Source material ::
╭──
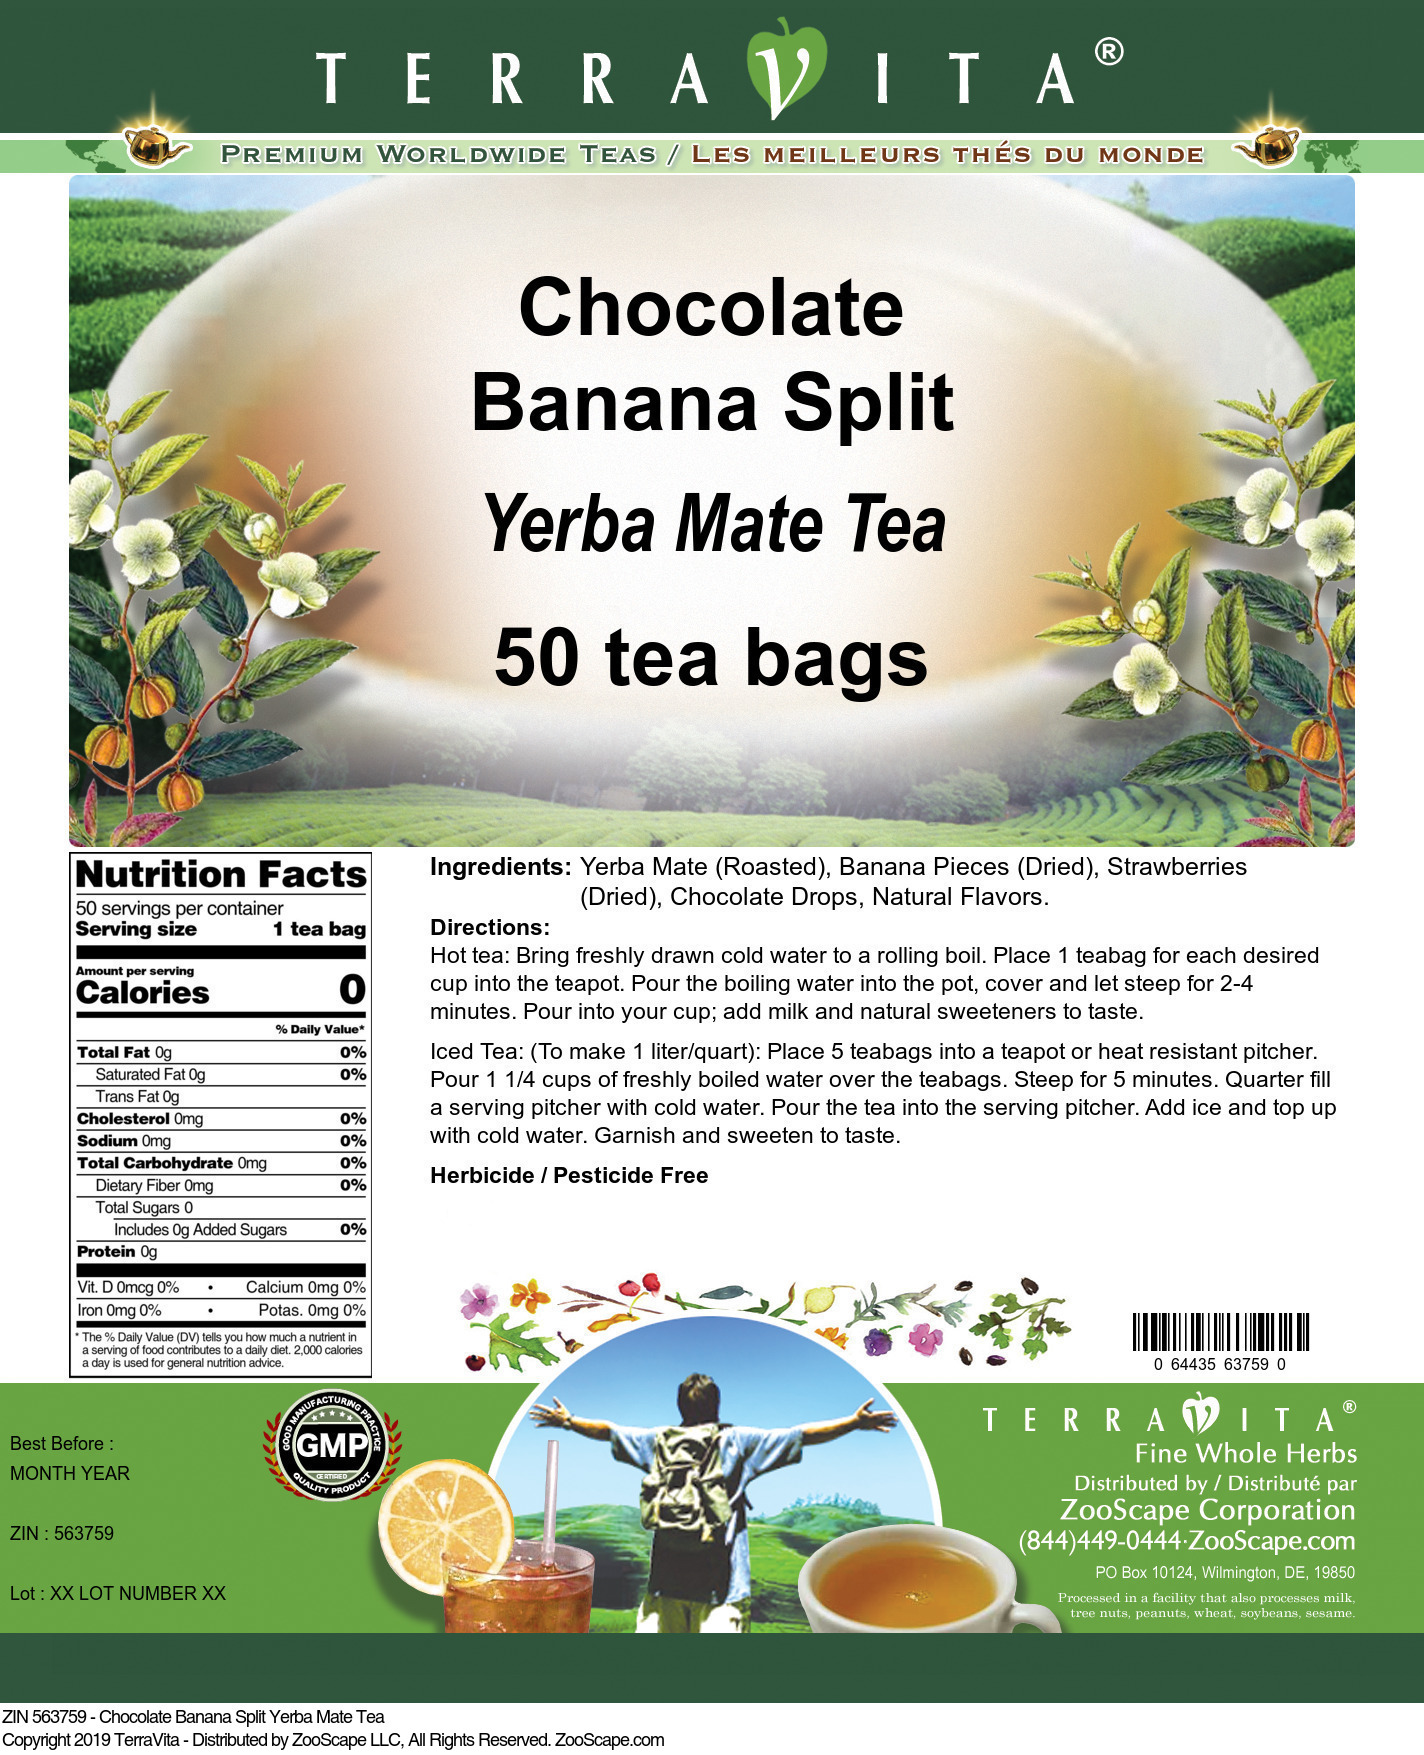 Chocolate Banana Split Yerba Mate Tea - Label
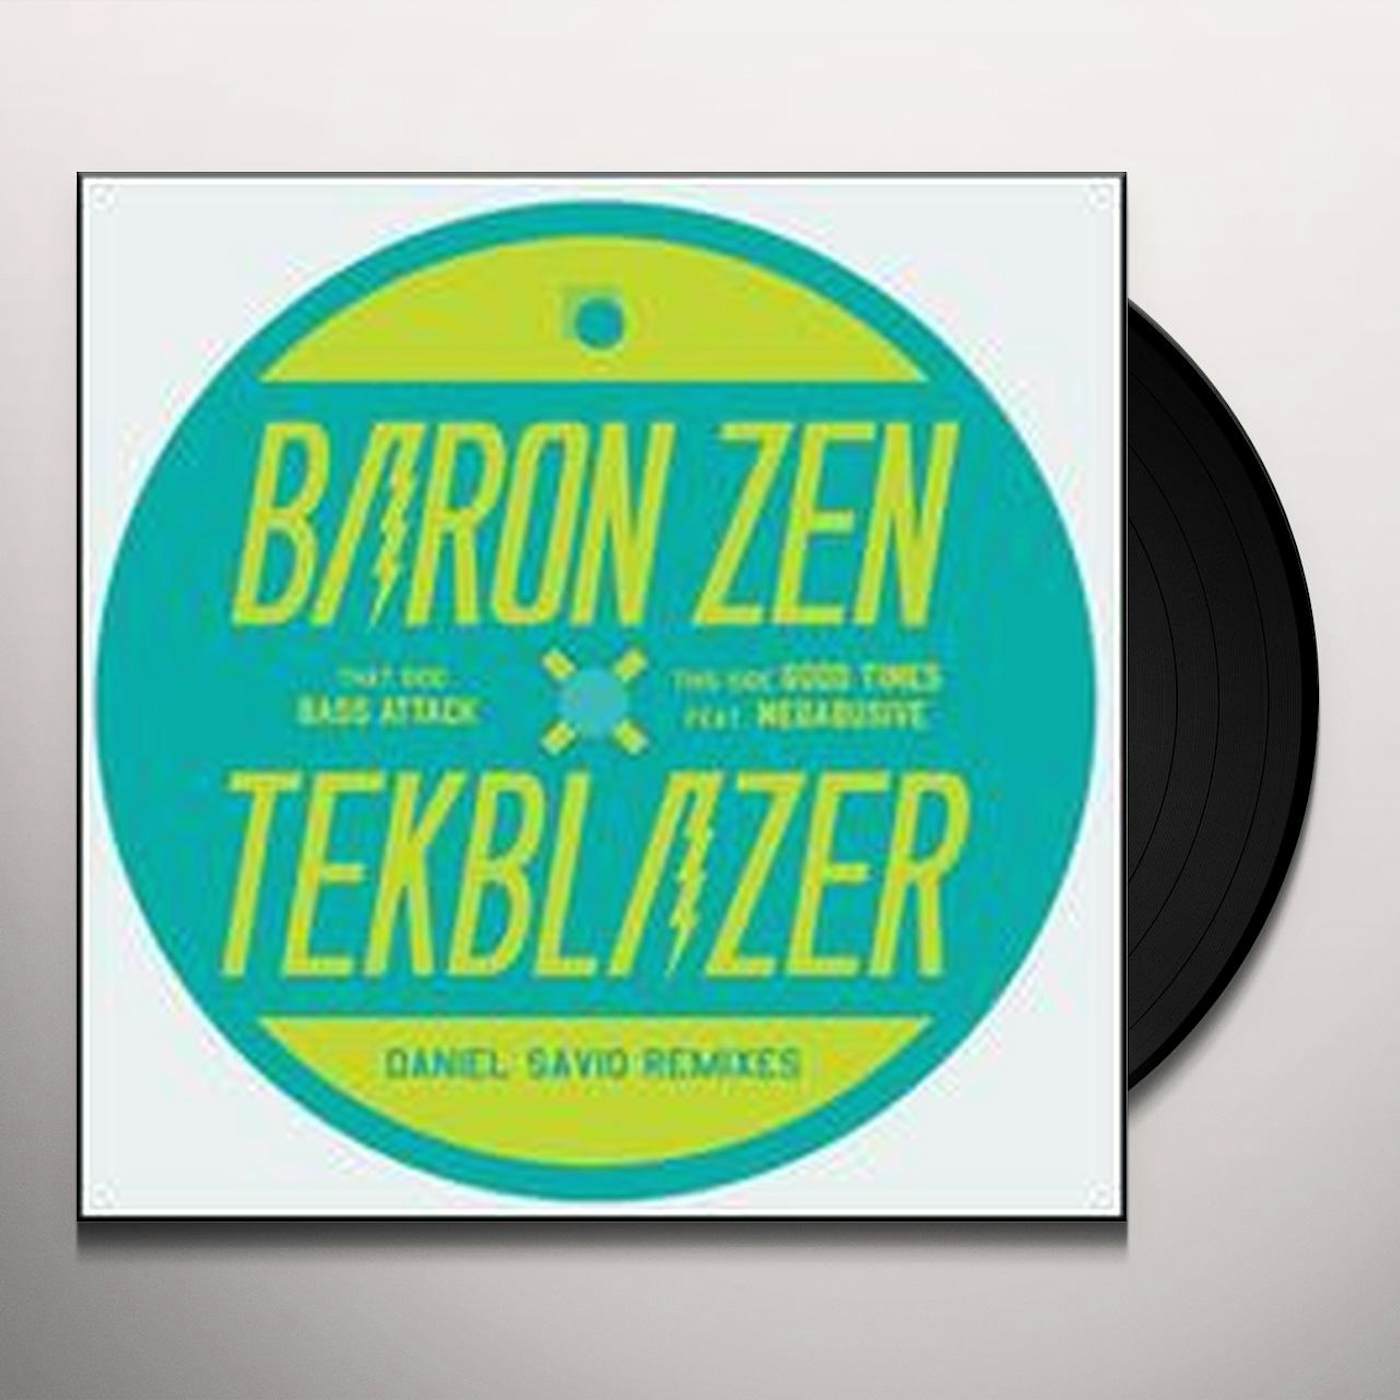 Baron Zen & Tekblazer BASS ATTACK/GOOD TIMES Vinyl Record
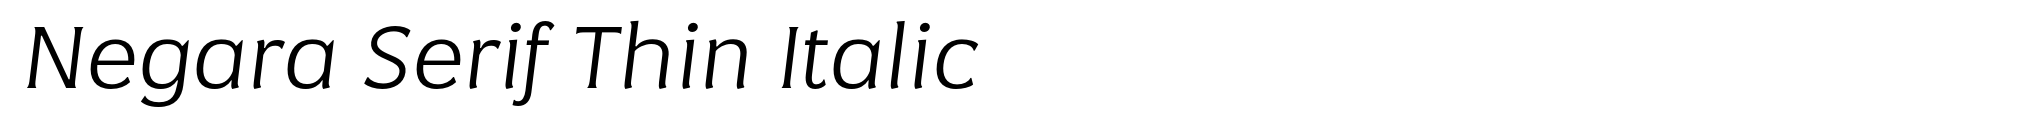 Negara Serif Thin Italic image
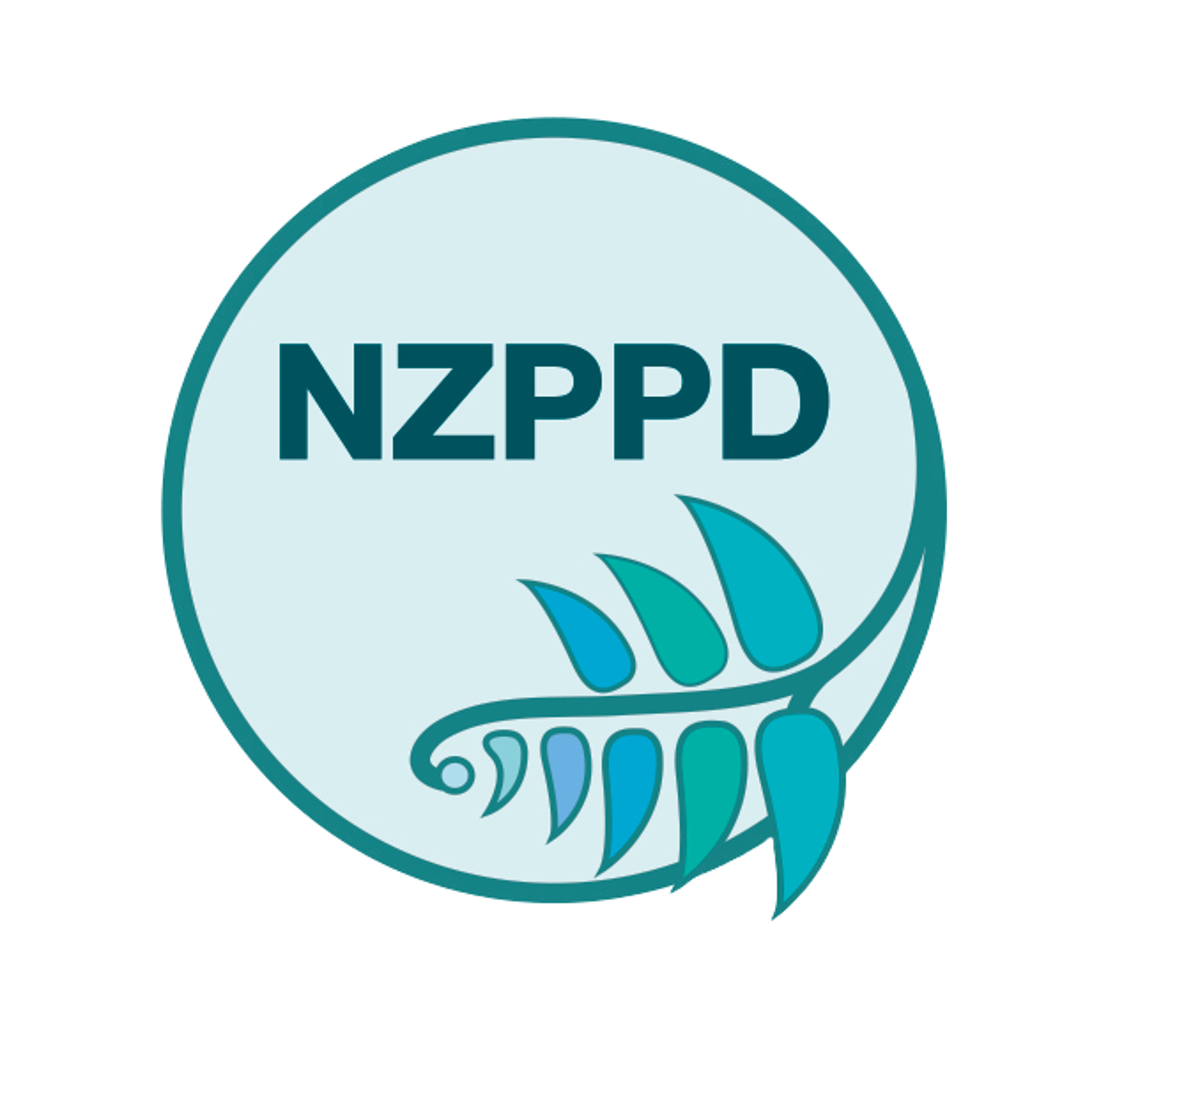 NZPPD logo - more space around logo
╰──
About this task ::
Give back the listing word for word, minus its images.

Answer box ::
 Chocolate Banana Split Yerba Mate Tea - Label
 Baron Zen & Tekblazer BASS ATTACK/GOOD TIMES Vinyl Record
 Negara Serif Thin Italic image
 NZPPD logo - more space around logo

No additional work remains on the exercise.